What do "normal" pdf values look like for points clustered with kmeans?

I made a small modification to the KMeansDriver to call the
ClusterClassificationDriver with an emitMostLikely value of false so that I
could see what the pdf values of my points were for all k of my clusters.

I was expecting the most likely cluster to have a much higher pdf than the
other clusters in most cases, but in my results, all the values are pretty
close to 1/(number of clusters)

For example, when I ran with 50 clusters, most of my points had a pdf value
of 0.02xx for nearly every cluster.

I understand that to mean that for most of my points, none of my clusters
are a good fit. Is that right? Or is it common for for the most likely
cluster to only deviate tiny bit from all the others? (I wouldn't think so)

Thanks for the advice,
Matt

Re: What do "normal" pdf values look like for points clustered with kmeans?

Posted by Ted Dunning <te...@gmail.com>.
These numbers are hard to interpret without context.

It is relatively easier to interpret average squared distance within
clusters and between clusters.  Do you have those values?

On Fri, Mar 1, 2013 at 9:38 AM, Matt Molek <mp...@gmail.com> wrote:

> My data is from ~4500 Wikipedia articles. I stripped out the wiki markup,
> ran them through seq2sparse, and then reduced to 100 dimensions with ssvd
> before running kmeans.
>
> I re-ran my test with some slightly tweaked parameters to see if I could
> improve the clustering. My pdf values for the most likely clusters improved
> a little bit, but not dramatically.
>
> Taking the most likely cluster's pdf value for each point, I got a minimum
> pdf of 0.0215, a maximum pdf of 0.0377, and a mean pdf value of 0.0282
>
> Looking at all 50 pdf values for each point, I got a minimum pdf of
> 0.0.0174, and a mean pdf value of 0.0200.
>
> Do these pdf values say anything about the fit or quality of my cluster
> results?
>
>
> On Fri, Mar 1, 2013 at 2:56 AM, Ted Dunning <te...@gmail.com> wrote:
>
> > How high is the dimension?
> >
> > How is your data generated?
> >
> >
> >
> > On Wed, Feb 27, 2013 at 1:38 PM, Matt Molek <mp...@gmail.com> wrote:
> >
> > > I made a small modification to the KMeansDriver to call the
> > > ClusterClassificationDriver with an emitMostLikely value of false so
> > that I
> > > could see what the pdf values of my points were for all k of my
> clusters.
> > >
> > > I was expecting the most likely cluster to have a much higher pdf than
> > the
> > > other clusters in most cases, but in my results, all the values are
> > pretty
> > > close to 1/(number of clusters)
> > >
> > > For example, when I ran with 50 clusters, most of my points had a pdf
> > value
> > > of 0.02xx for nearly every cluster.
> > >
> > > I understand that to mean that for most of my points, none of my
> clusters
> > > are a good fit.
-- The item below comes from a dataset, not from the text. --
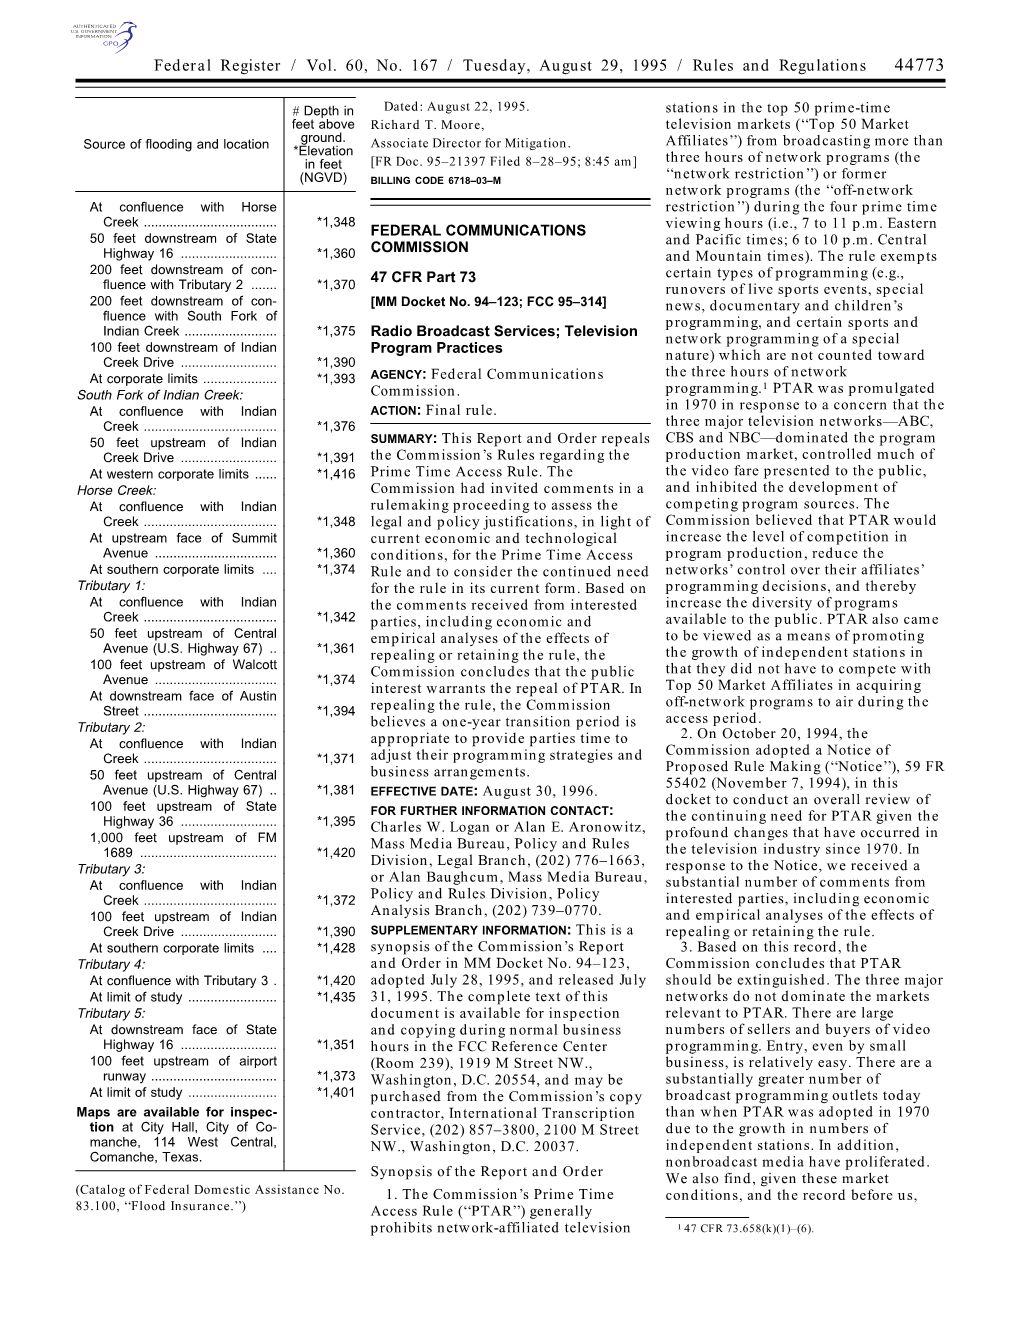 Federal Register / Vol. 60, No. 167 / Tuesday, August 29, 1995 / Rules and Regulations 44773

Is that right? Or is it common for for the most likely
> > > cluster to only deviate tiny bit from all the others? (I wouldn't think
> > so)
> > >
> > > Thanks for the advice,
> > > Matt
> > >
> >
>

Re: What do "normal" pdf values look like for points clustered with kmeans?

Posted by Matt Molek <mp...@gmail.com>.
My data is from ~4500 Wikipedia articles. I stripped out the wiki markup,
ran them through seq2sparse, and then reduced to 100 dimensions with ssvd
before running kmeans.

I re-ran my test with some slightly tweaked parameters to see if I could
improve the clustering. My pdf values for the most likely clusters improved
a little bit, but not dramatically.

Taking the most likely cluster's pdf value for each point, I got a minimum
pdf of 0.0215, a maximum pdf of 0.0377, and a mean pdf value of 0.0282

Looking at all 50 pdf values for each point, I got a minimum pdf of
0.0.0174, and a mean pdf value of 0.0200.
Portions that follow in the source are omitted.